There were two stand-out favourites: The West Wing and The Wire.

( The Wire, in case you don’t know was the parallel lives of drugs dealers and the police and we spent quite a lot of time leaning forward and saying to each other, ‘What did he say?’ After all, a very small television with poor sound does not help with black Baltimore ‘patois’ for two middle aged white people.

The drug dealer did a qualification in business and the police went out and got drunk – but of courser, dear reader there is much more to it than than that and I highly recommend you find yourself some wet-winter-time to settle down and watch it.)

Friends of ours in similar situations used to ration themselves to one episode a night – or in some puritanical households, to one a week.
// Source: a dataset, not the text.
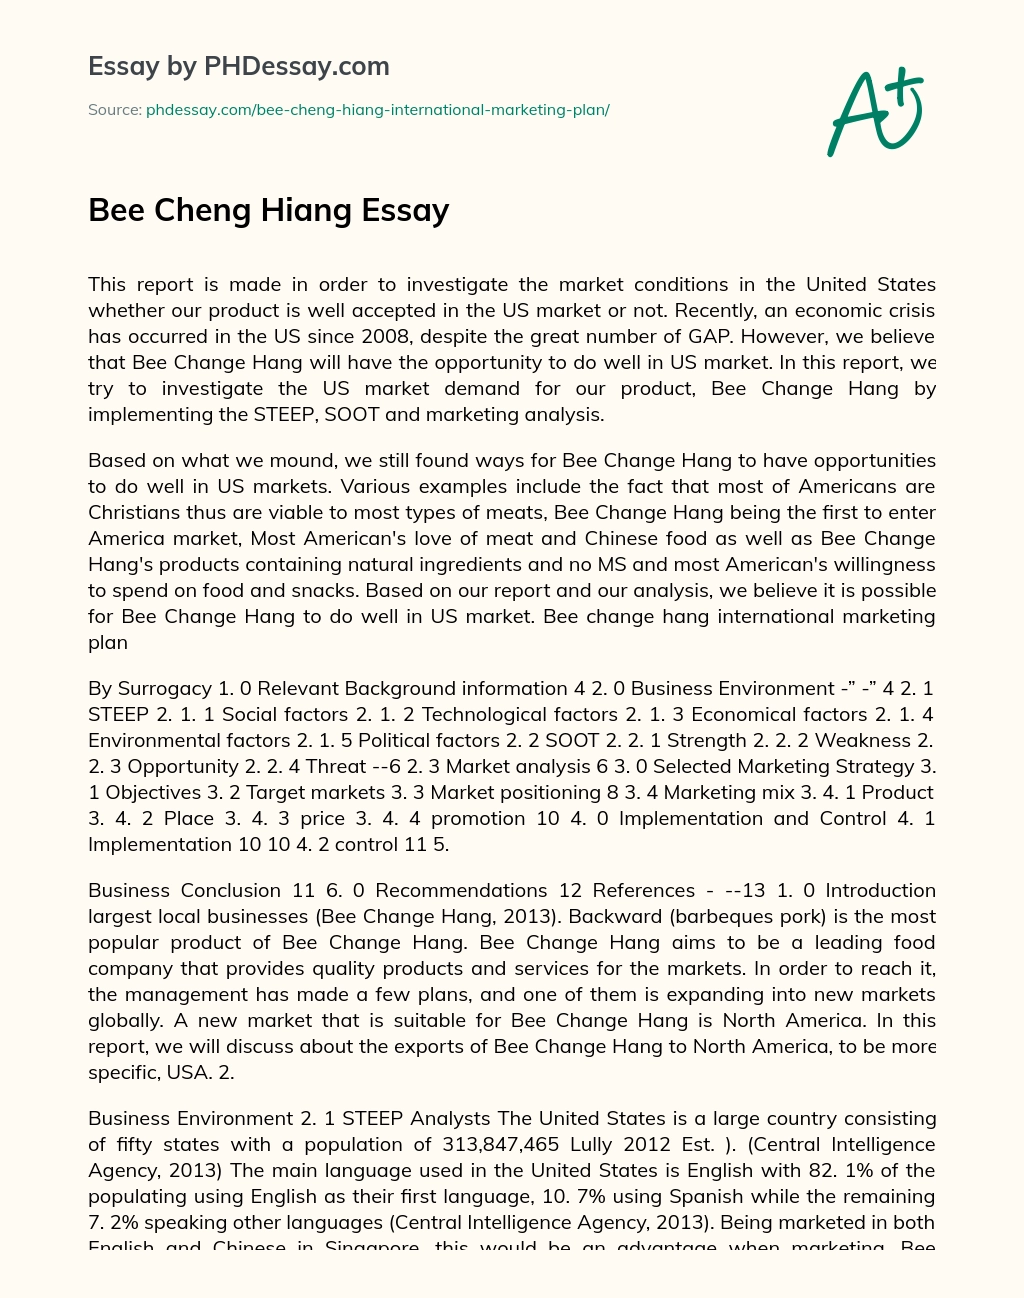 Bee Cheng Hiang Essay essay

But the BB and I are greedy and used to egg each other one for ‘just another.’

We watched The West Wing – all through, all seven series, several times.
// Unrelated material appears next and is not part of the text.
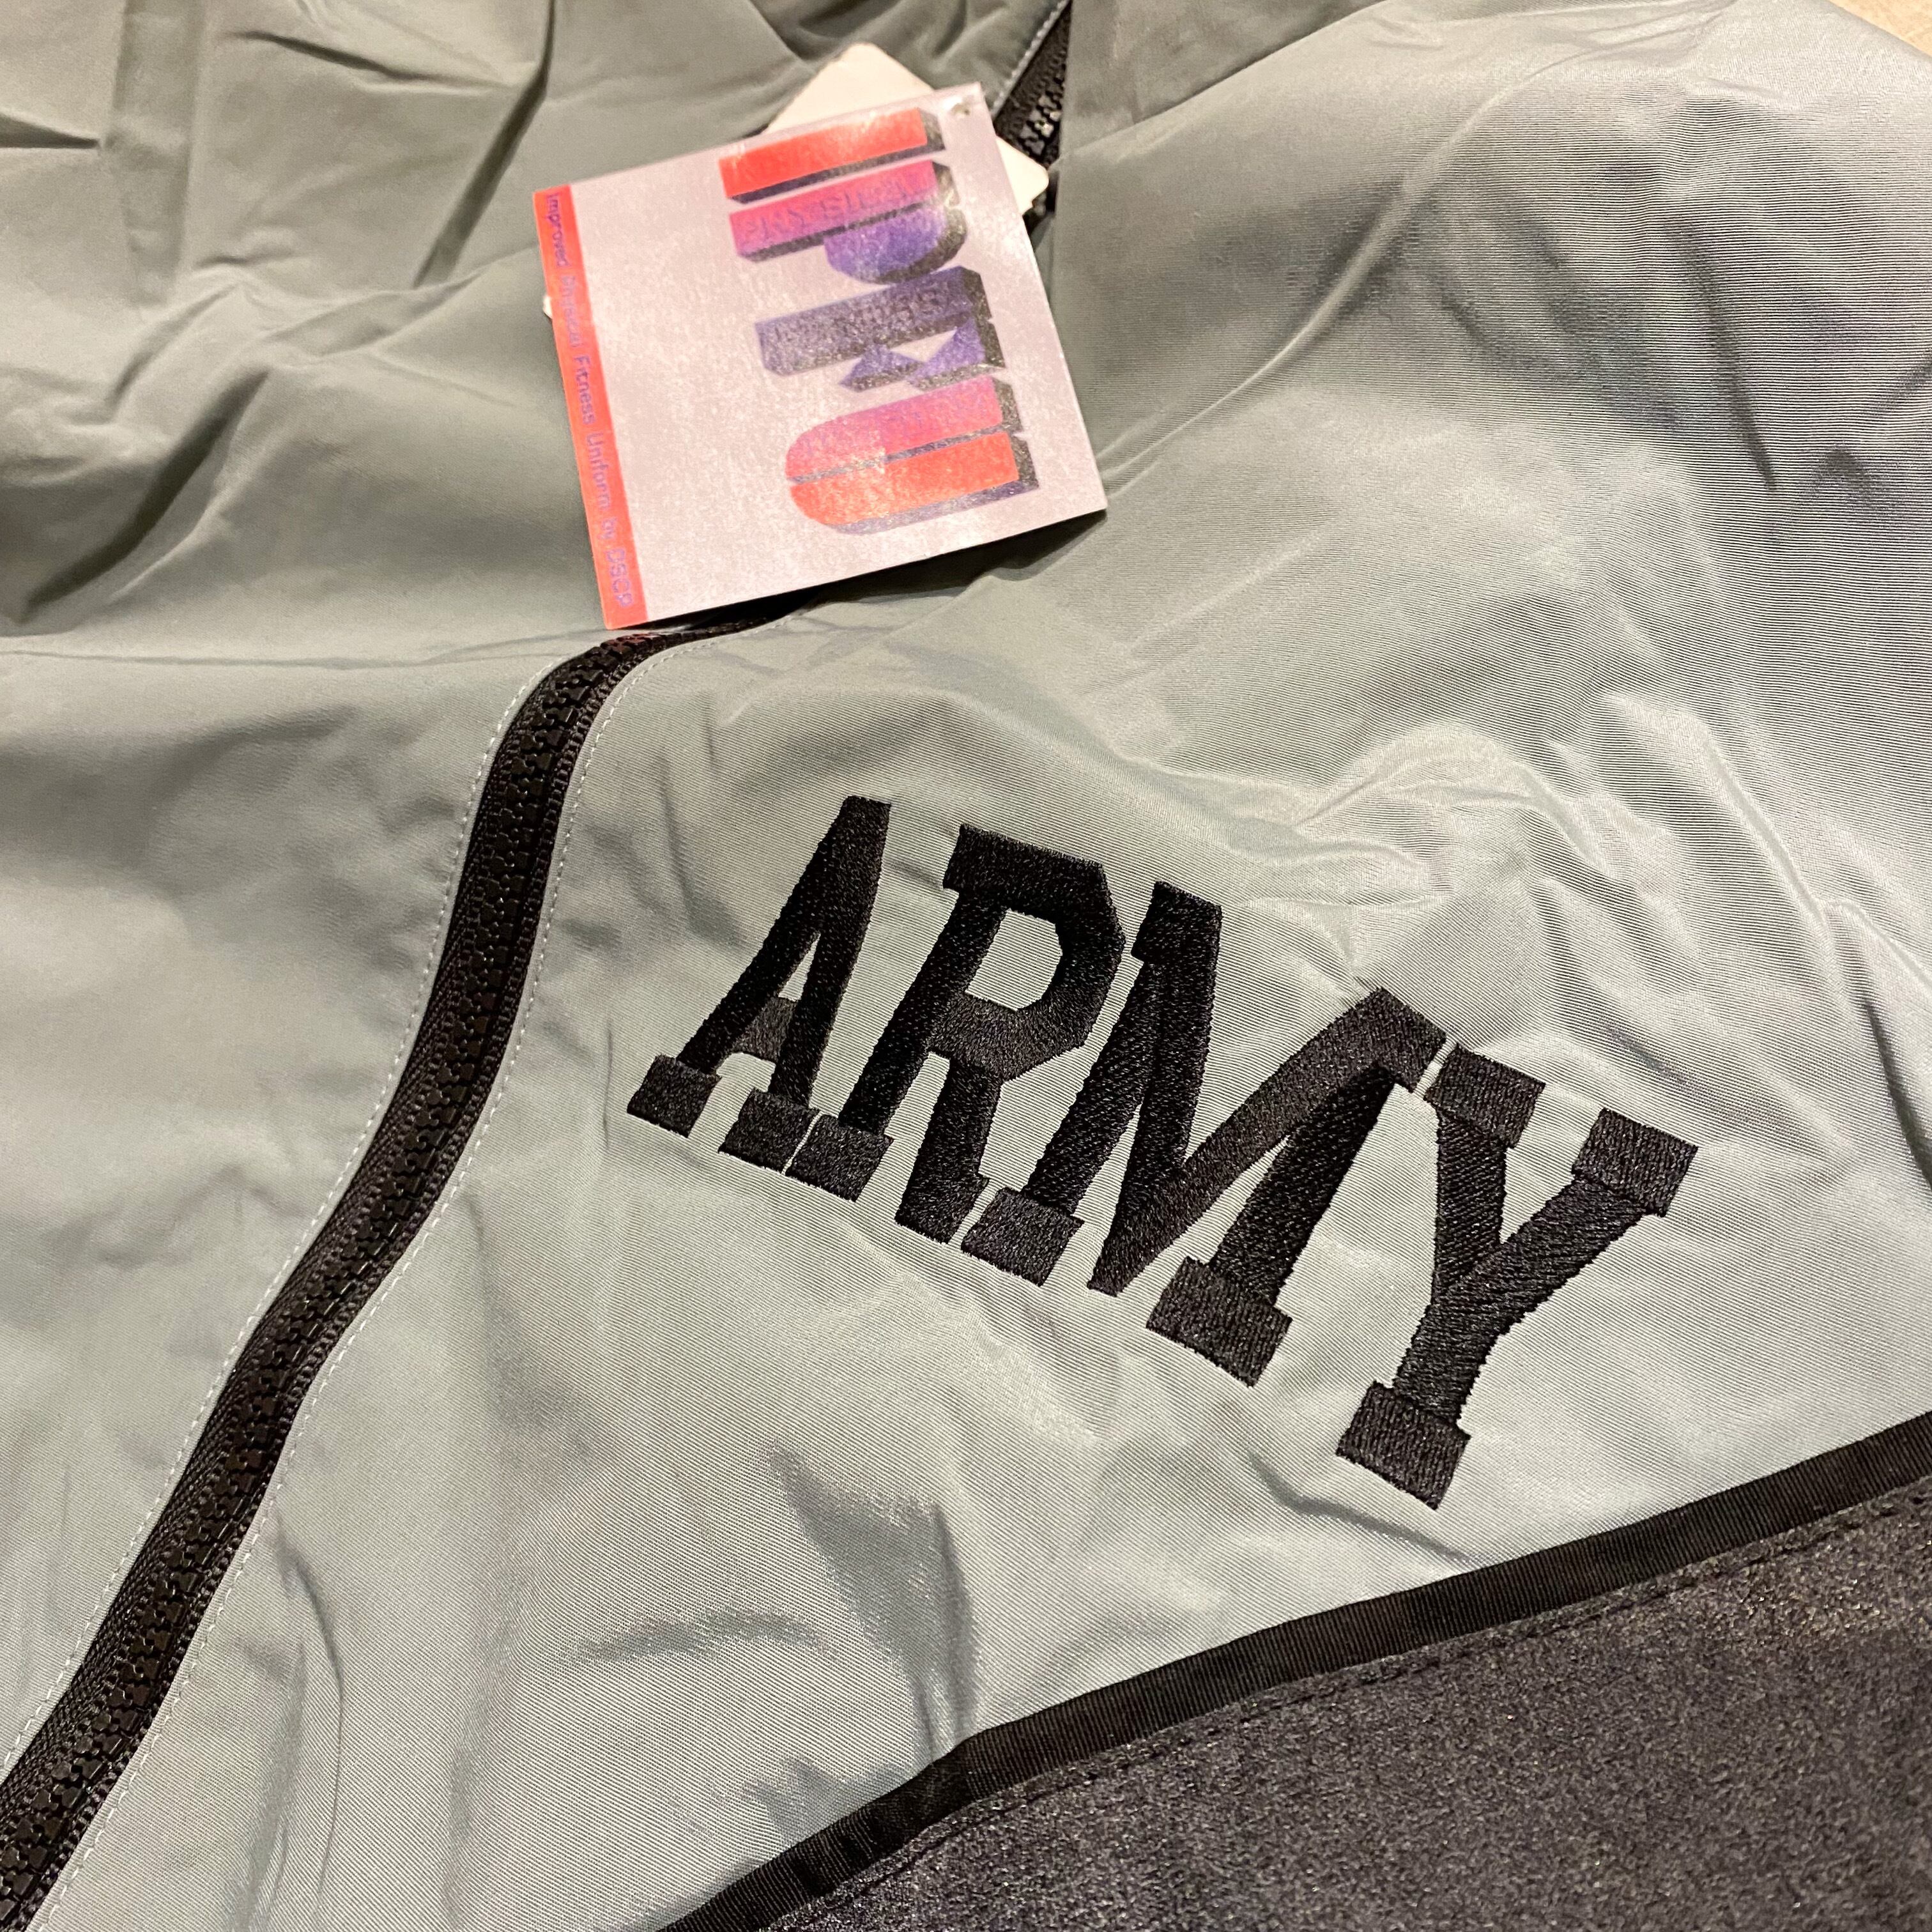 【U.S.ARMY】IPFU トレーニングジャケット XL デッドストック

Good Lord, I wish Jed Bartlett was the current president of the US and Josh and Toby were in charge and C.J was handling the press corps, but we have what we have.
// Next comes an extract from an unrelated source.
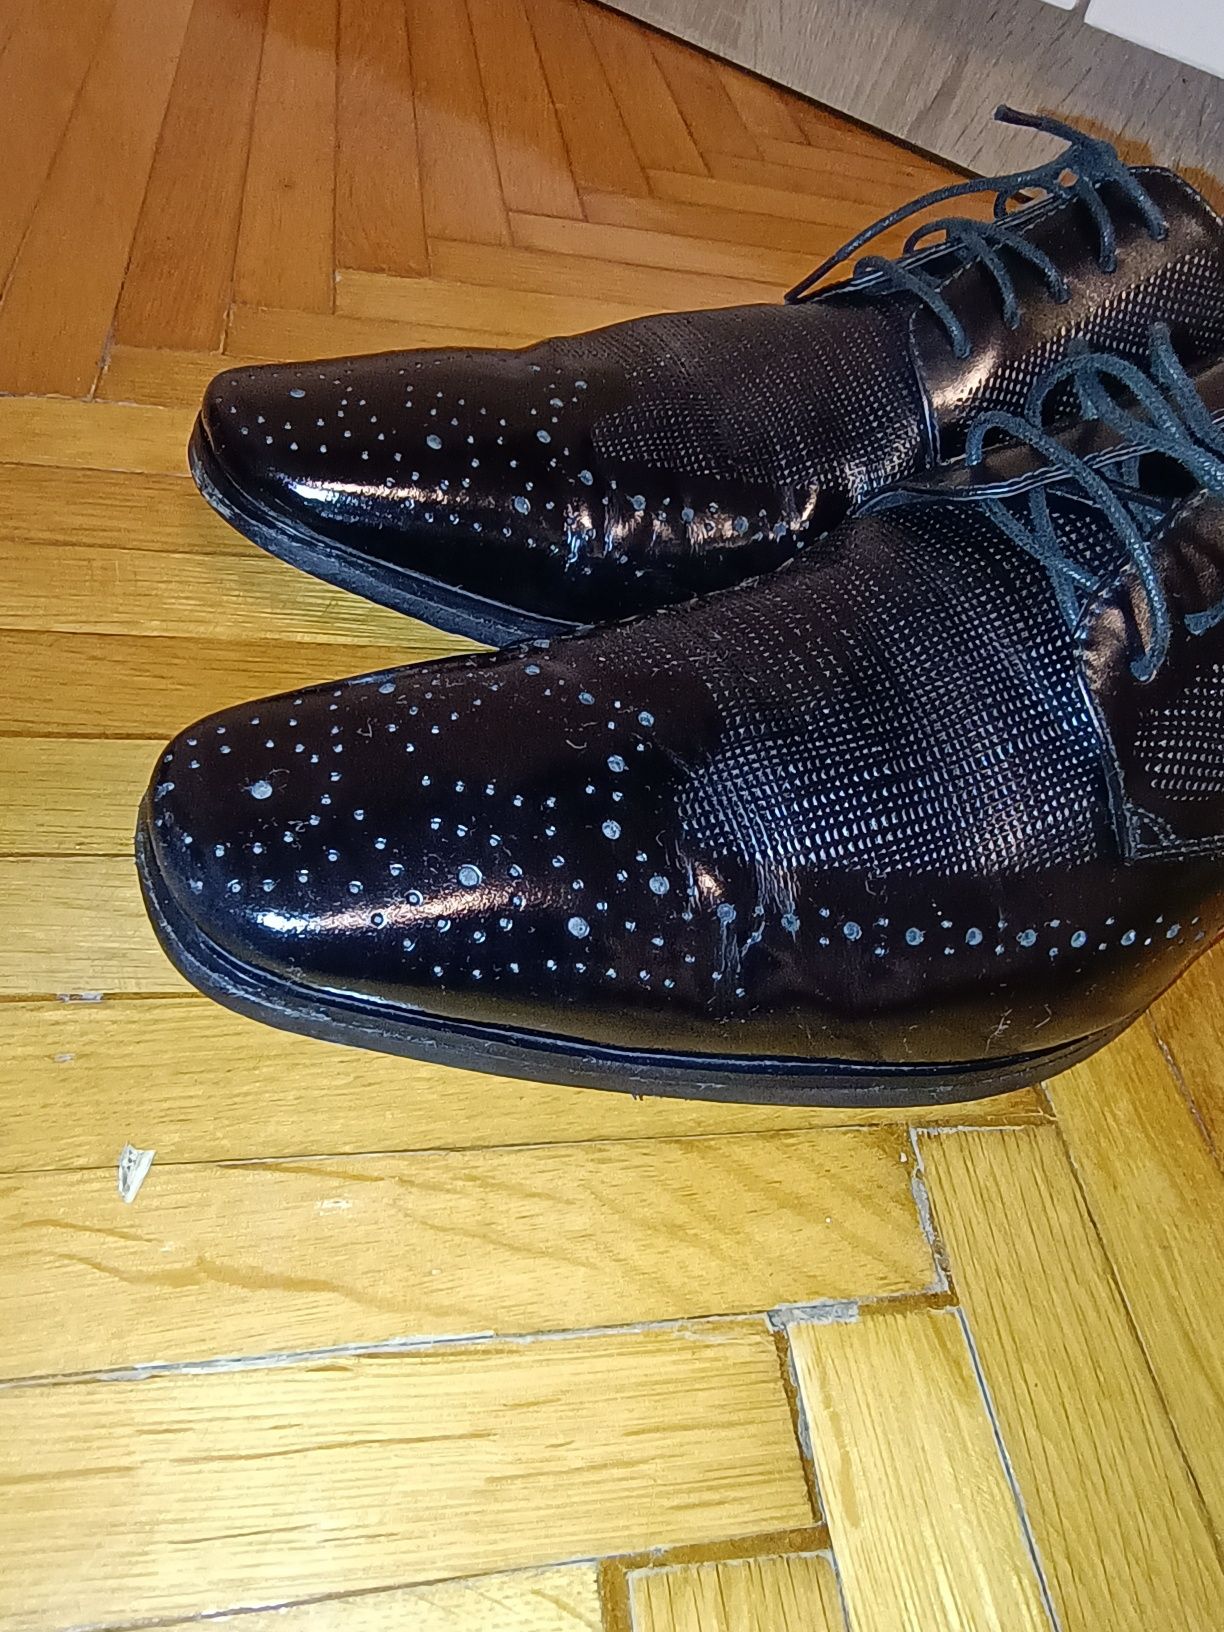 Pantofi eleganti barbat Ferridimani 44

There is one scene when Jed who, in case you don’t know is the President, is doing a press conference and one journalist doesn’t stand when he walks into the room because she is against his liberal policy on gay rights.

Here it is: https://www.youtube.com/watch?v=1T9vmN62wf8

After that, dear reader, you shouldn’t be back here reading this, you should be out buying the brilliant West Wing box set.

(And in case you want more ammunition here are some others you can use http://www.tickld.com/x/the-next-time-someone-uses-the-bible-to-say-homosexuality-is-a-sin)

 

 

 

Cockroaches and Balls

The other day seemed to be one of those when the strangest donations come to light in the Oxfam bookshop.

A lot of our donations are repetitive and can I say, just sometimes a little boring, but now and then you find something interesting and odd in many senses of the word.

I am sure there is a book about any and every subject out there somewhere and many seem to find a (hopefully, temporary) home in Deepest Sussex.

Before now, I have found a book on making your own horse-riding equipment and one on how to chop and stack wood the Norwegian way.

So, the other day I found a coffee table book on Anatolian Vernacular Architecture. Not a usual find and one that is, perhaps surprisingly, worth a bit and now is listed, should your heart be beating a little faster, on Oxfam Online.

And then I came across a collection of old Spurs books. I am not a football fan but I was rather taken with the delightful History of Tottenham Hotspur FC 1882 – 1946. Spurs was referred to as the Hotspur Athletic Club – how charming is that?

And then, my cup runneth over when I found this:

img_3081

 

Now isn’t that splendid?

And if that wasn’t enough, I found this book which was the answer any anyone’s Christmas book present dilemma. It is the book, I thought, that anyone would want in their stocking. This is it:

img_3083

I tweeted to that effect and it got a few likes and re-tweeted gently around the Oxfam network, and it made me laugh.

Low and behold, I was at home this afternoon when my Oxfam manager rang me and said, ‘I’ve had someone on the phone – something about social media and cockroaches – is that anything to do with you? ‘

Someone wanted the buy the book! So over the phone, I directed my manager to various alternative possible places where I could have  stashed it.

( You should go behind the scenes at an Oxfam bookshop one day to understand that things are run on stashes, piles, boxes, shelves, bags and things stuffed into all sorts of places.

Every now and then I get round to sorting out an area and find all sorts – the skeleton of a forgotten volunteer, for example.)

Anyway, he found it, we put the price up a bit, and I wait to hear who bought it. If I’d been there with the customer I would have asked for the whole story about who was going to be so delighted on Christmas Day but I guess, I will never know.